新暦ではその年ごとに月齢が変わるので日本固有のお祭りを新暦で祝うのは絶対に無理があるということになるのです。

ところで旧暦というのは月の満ち欠けをベースにした暦なので、毎月朔日(ついたち)は必ず朔(さく=新月)で、15日はほぼ満月になるという、日にちと月齢がリンクしたものです。

なので七夕は当然のことですが、旧暦7月7日、つまり月齢6(ほぼ半月に1日前)の日に行われるのが正しいのです。

宵の口には月齢6の月が西空の低いところにあって、少しだけ月明かりで天の川や暗い星達が少し見えづらくなります。

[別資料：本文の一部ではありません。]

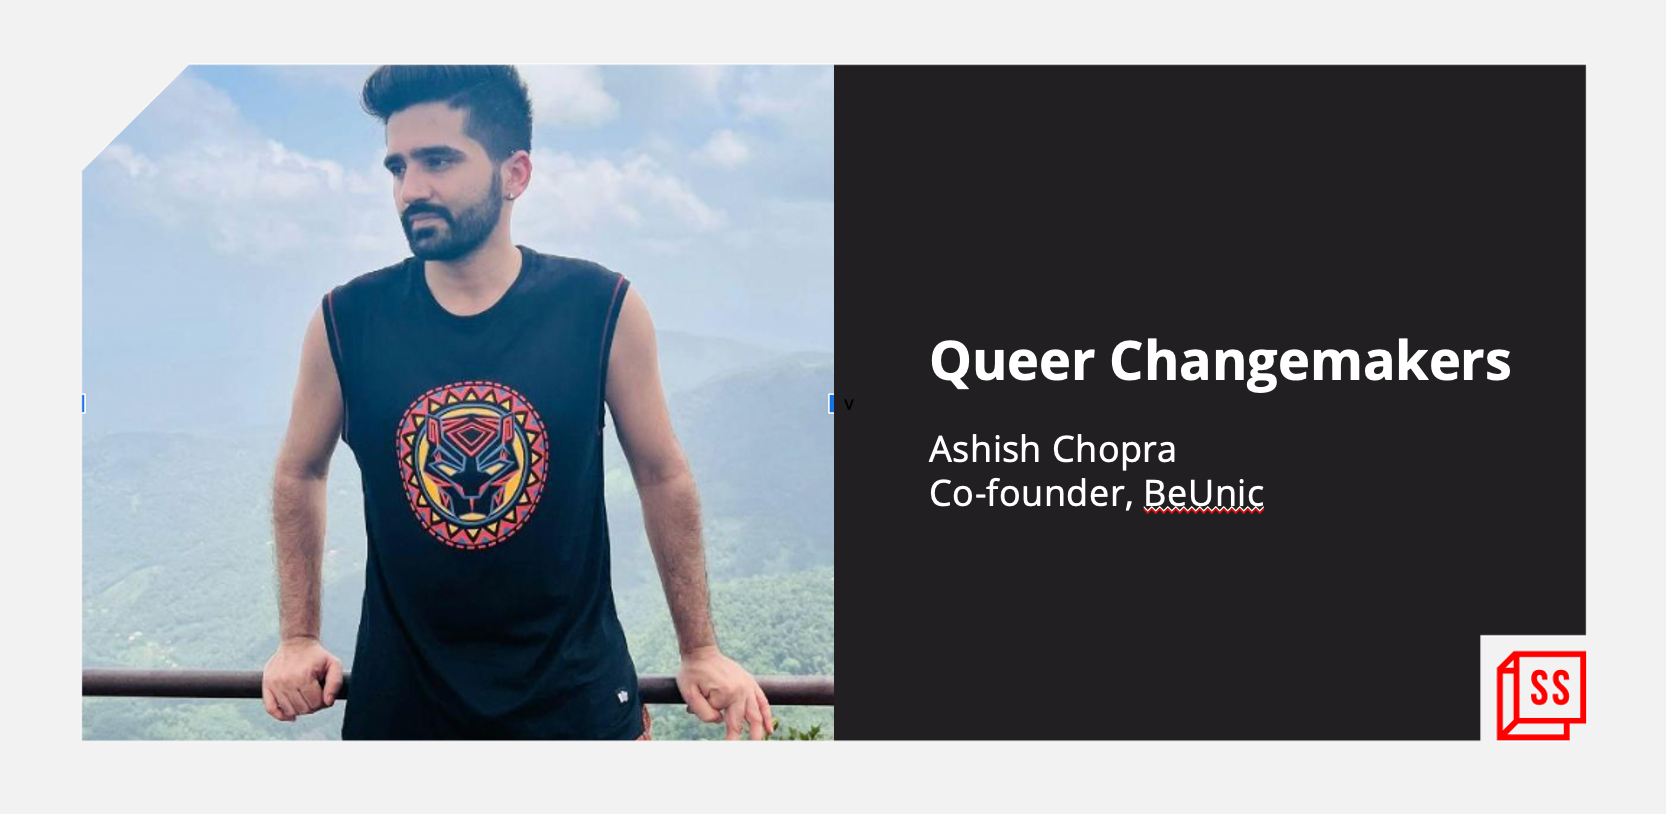 [Queer Changemakers] This e-commerce platform is bringing Queer entrepreneurs to the mainstream

その分、織姫(ベガ)・彦星(アルタイル)などの明るい星は浮き上がって見つけやすくなります。(街明かりのない闇夜では星がたくさんすぎて明るい星が目立たなくなるのです。)月明かりで天の川が少し薄くなって、織姫と牽牛が天の川を渡りやすくなっているという設定。

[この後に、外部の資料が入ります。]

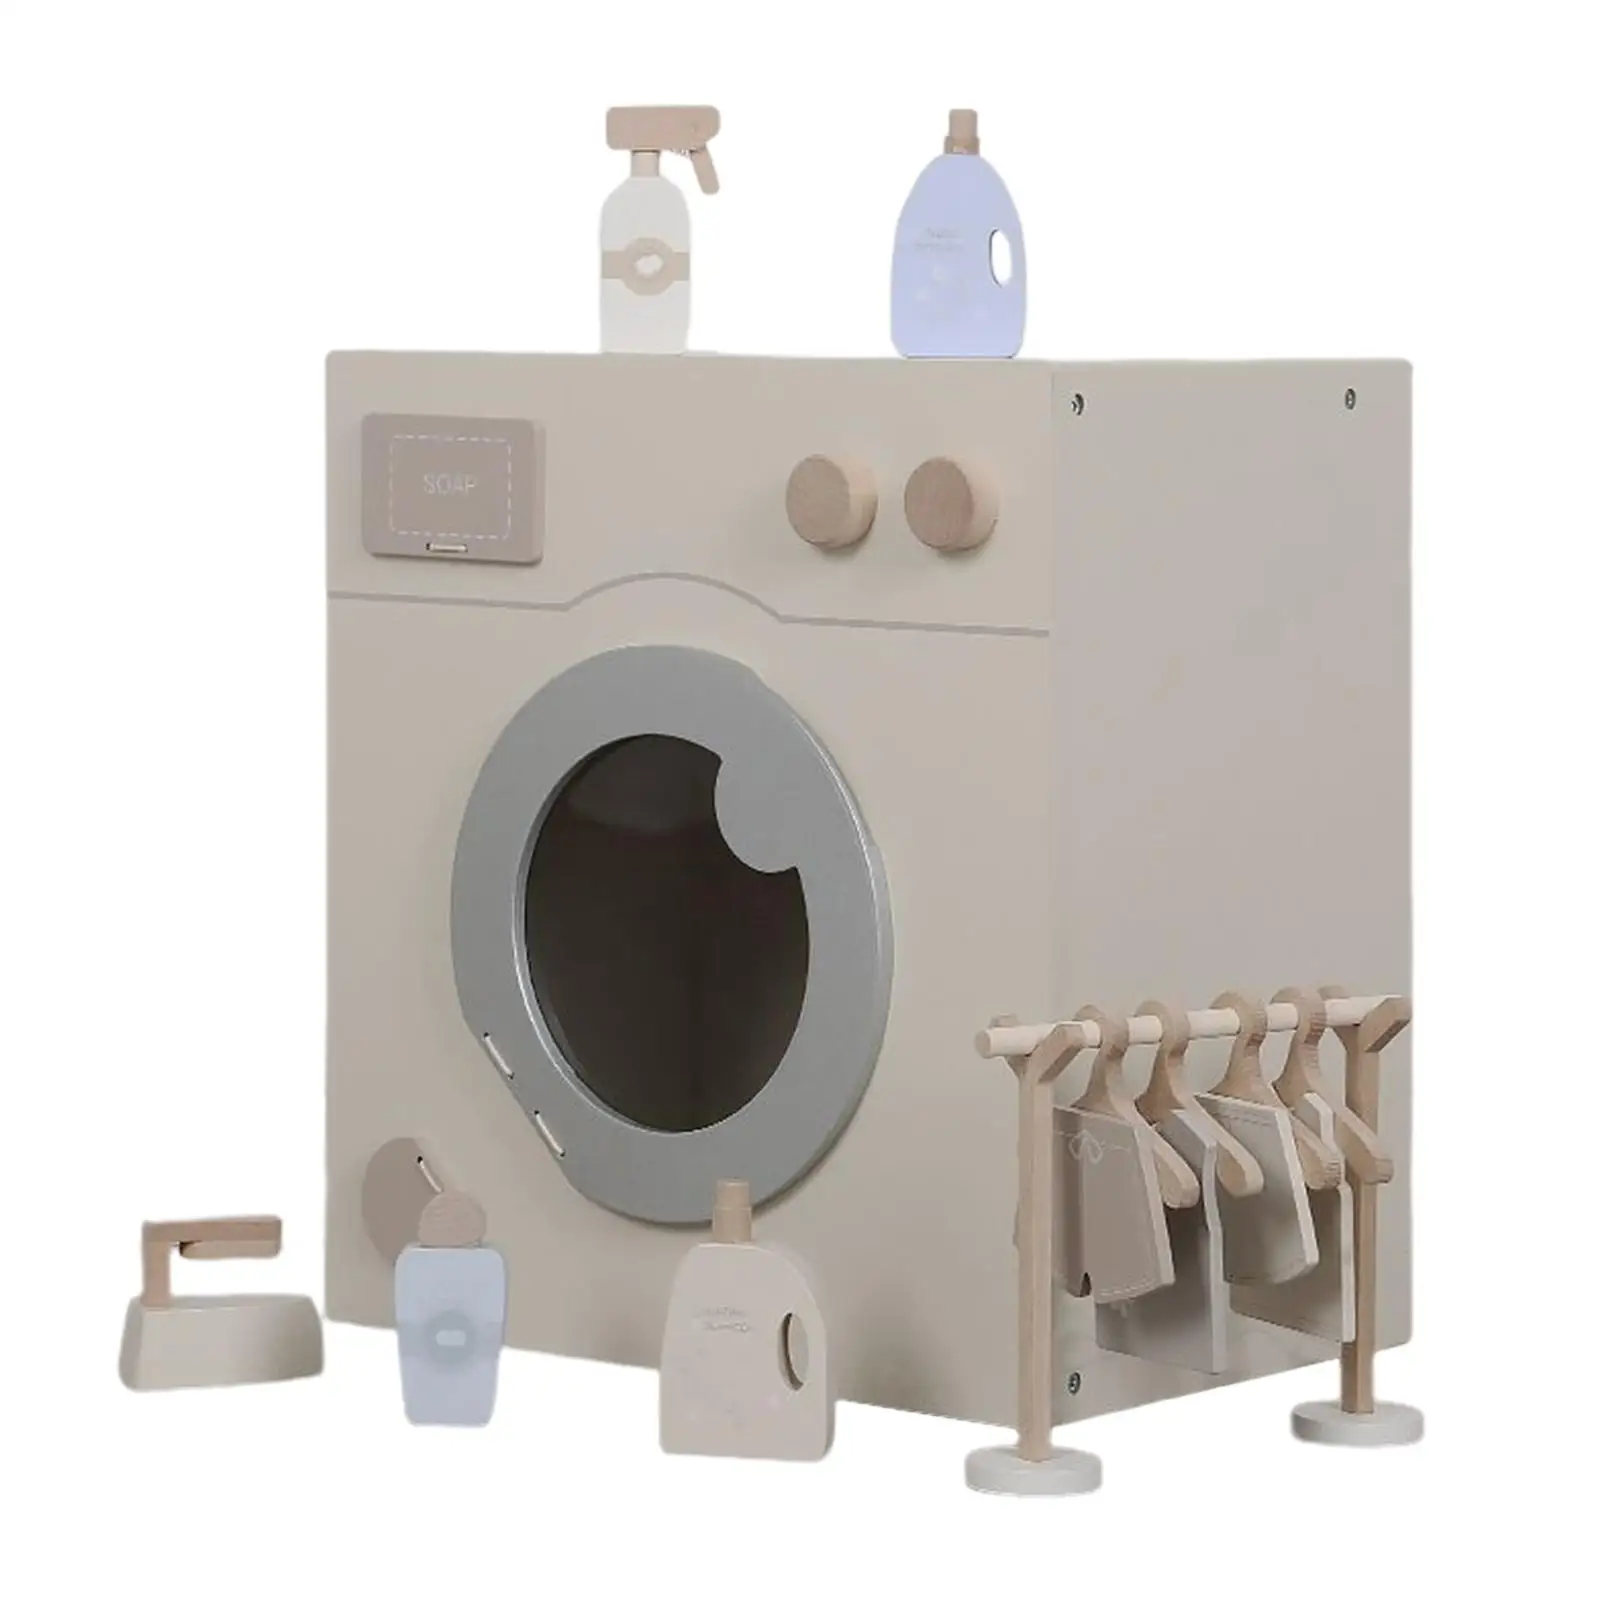 Wooden Washing Machine Set with Accessories Doll House Furniture Interactive Toy

西の空に傾いた月は牽牛・織女を乗せる小舟のように見えてきます。

新月でも満月でもない、絶妙な星の見え方をする日に七夕という星祭りの夜は設定されているのです。

旧暦7月7日に七夕の星を見上げると改めて昔の人の粋を星空を見上げながら実感することができます。

中国の正月だって、西洋のイースターだって、イスラムのラマダーンだってみな旧暦(あるいは月齢)をベースにしているわけで、お祭りの暦学的意味も風情も全く無視して、石部金吉的几帳面さで新暦のこよみで行事を行うのはとてもナンセンスなことです。

最近、天文業界ではこの旧暦7月7日の日を「伝統的七夕」と呼ぶのが一般的になっています。

ずいぶん厳めしい呼び方でもう少しスマートな呼称はないのかと気になるのですが、現在の暦上だけの7月7日の七夕があまりにも一般的になってしまっているものだから、少し重々しい言葉を使って「本家はこちら」みたいな雰囲気を出そうとしているのかも知れません。

例年、この旧暦7月7日(2016年は8月9日)に「伝統的七夕ライトダウンキャンペーン」という行事が催されています。

ぜひこの日は家の内外の灯りを消して夜空を見上げてもらえるように出来たら良いと思います。

スタパオーナー について

たくさんのかたに星空の美しさ、楽しさを知って頂きたくて、天体観測のできるペンションを開業しました。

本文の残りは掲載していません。